Мои стеклянные ступни перестали удерживаться в воздухе. Они упали на ковровую дорожку и разбились. Я полетел лицом в осколки моих ног.

“И пришел он на одно место, и остался там ночевать, потому, что зашло солнце. И взял один из камней того места, и положил себе изголовьем, и лег на том месте.

И увидел во сне: вот, лестница стоит на земле, а верх ее касается неба…”

“И боролся Некто с ним до появления зари…”

Часть III. Сон Якова

Ребенок бесшумно ест конфеты. Снегопад поглощает звуки. Медленно, на ощупь, едут машины. Когда дуешь в ладони, становится еще холоднее.

Яков в военной форме дует в ладони. Ладони из стекла. В животе тикает будильник, второе сердце мужчины; оно гонит по артериям и капиллярам время. Маленькие серые хроноциты.

Он дует в ладони.

Яков охраняет мосты. В его ладонях все мосты города. Еще в них несколько воспоминаний, которые он не любит хранить в голове. В ладонях их держать тоже неудобно, мнутся. Но в голове – еще хуже.

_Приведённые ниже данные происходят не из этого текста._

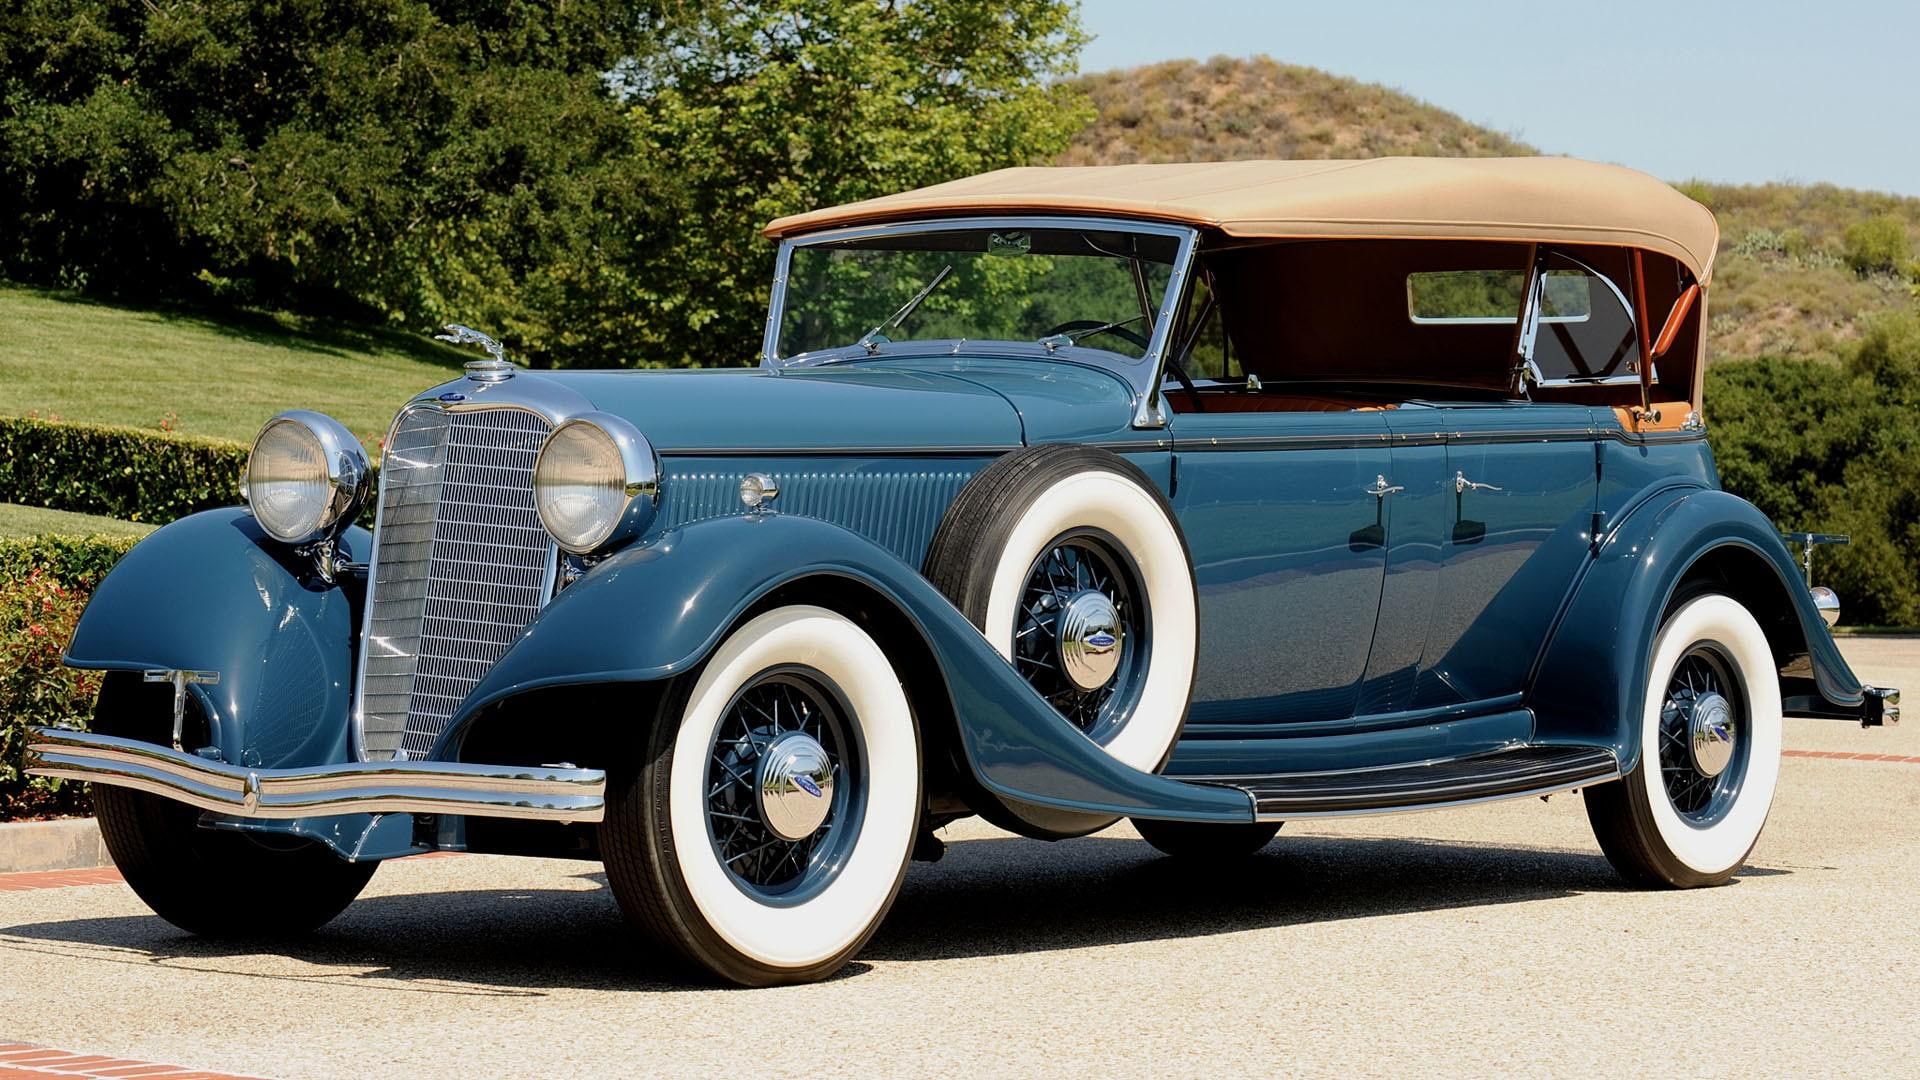 1933 Lincoln Kb Phaeton, vintage, elegant, classic, elegance
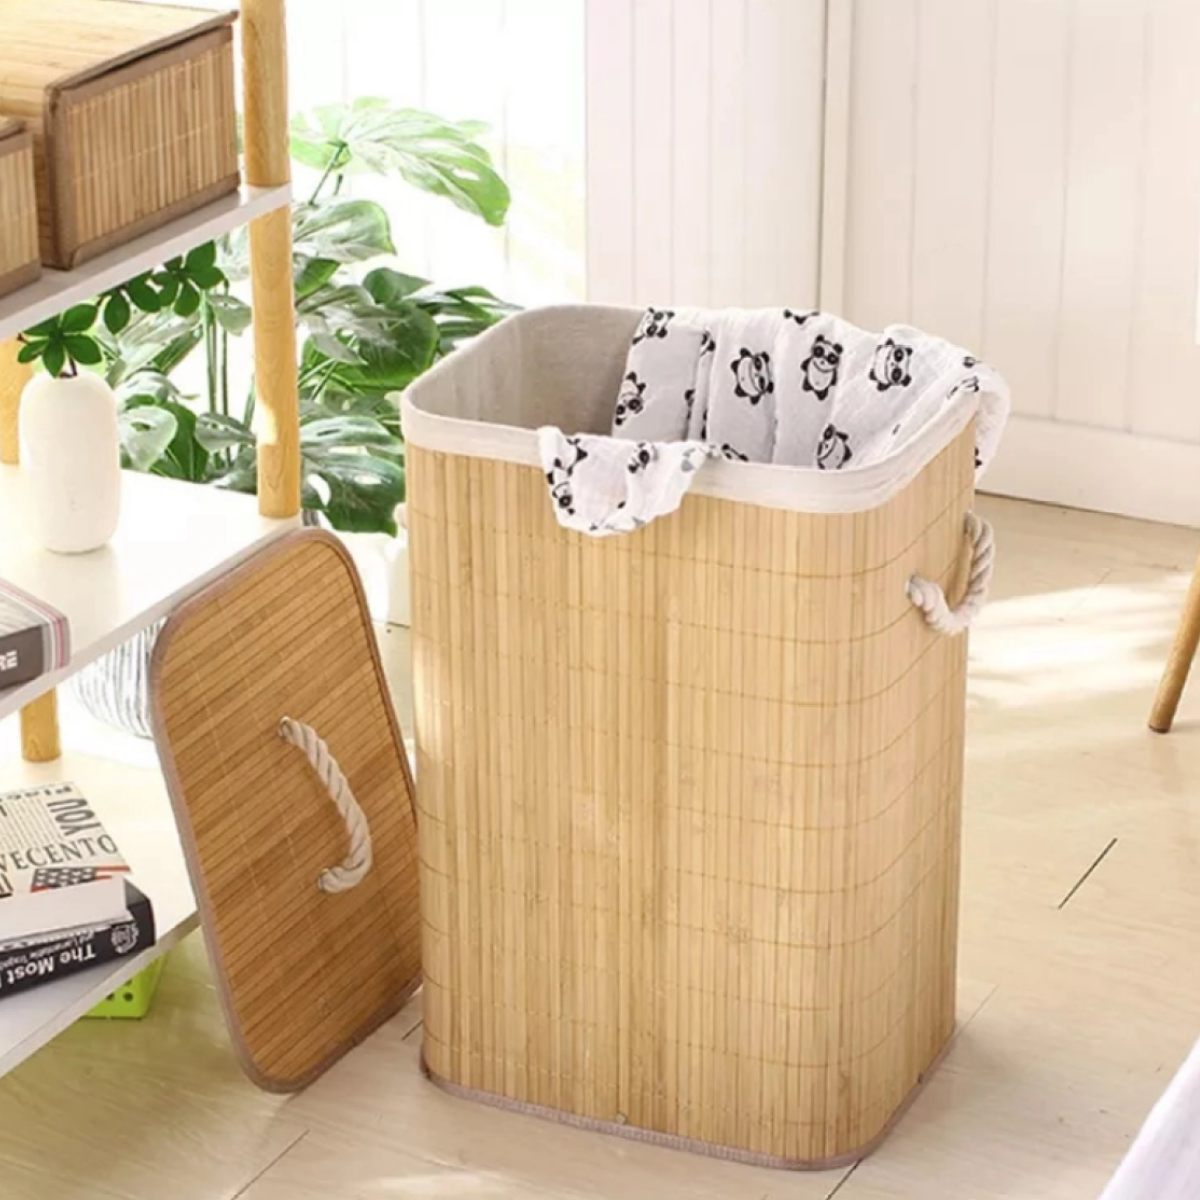 Kit Cestos de Fibra Natural Bambu com Forro Retangular Cesto Forrado Roupa Suja Organização Banheiro - 6

В голове должен быть порядок. Когда заведуешь мостами, в голове должно быть чисто. Снег вреден мостам. Люди, лошади, машины начинают скользить и задыхаться. Грифоны на Саларском мосту, сделанные из песка, мокнут. Мокнут и наклоняются к воде. И Яков тут бессилен. Он дует в ладони.

Воспоминания колеблются. Сегодня они похожи на лепестки студня. От них идет пар. Температура воспоминаний выше температуры воздуха.

От каналов тоже поднимается пар. Пар шатается, как пьяный, ощупывает что-то, как слепой. И исчезает, съеденный воздухом.

Ребенок внутри воспоминаний снова ворует конфеты. “Без зубов останешься”, – говорит ему Яков. Мальчик быстро прячет обертки.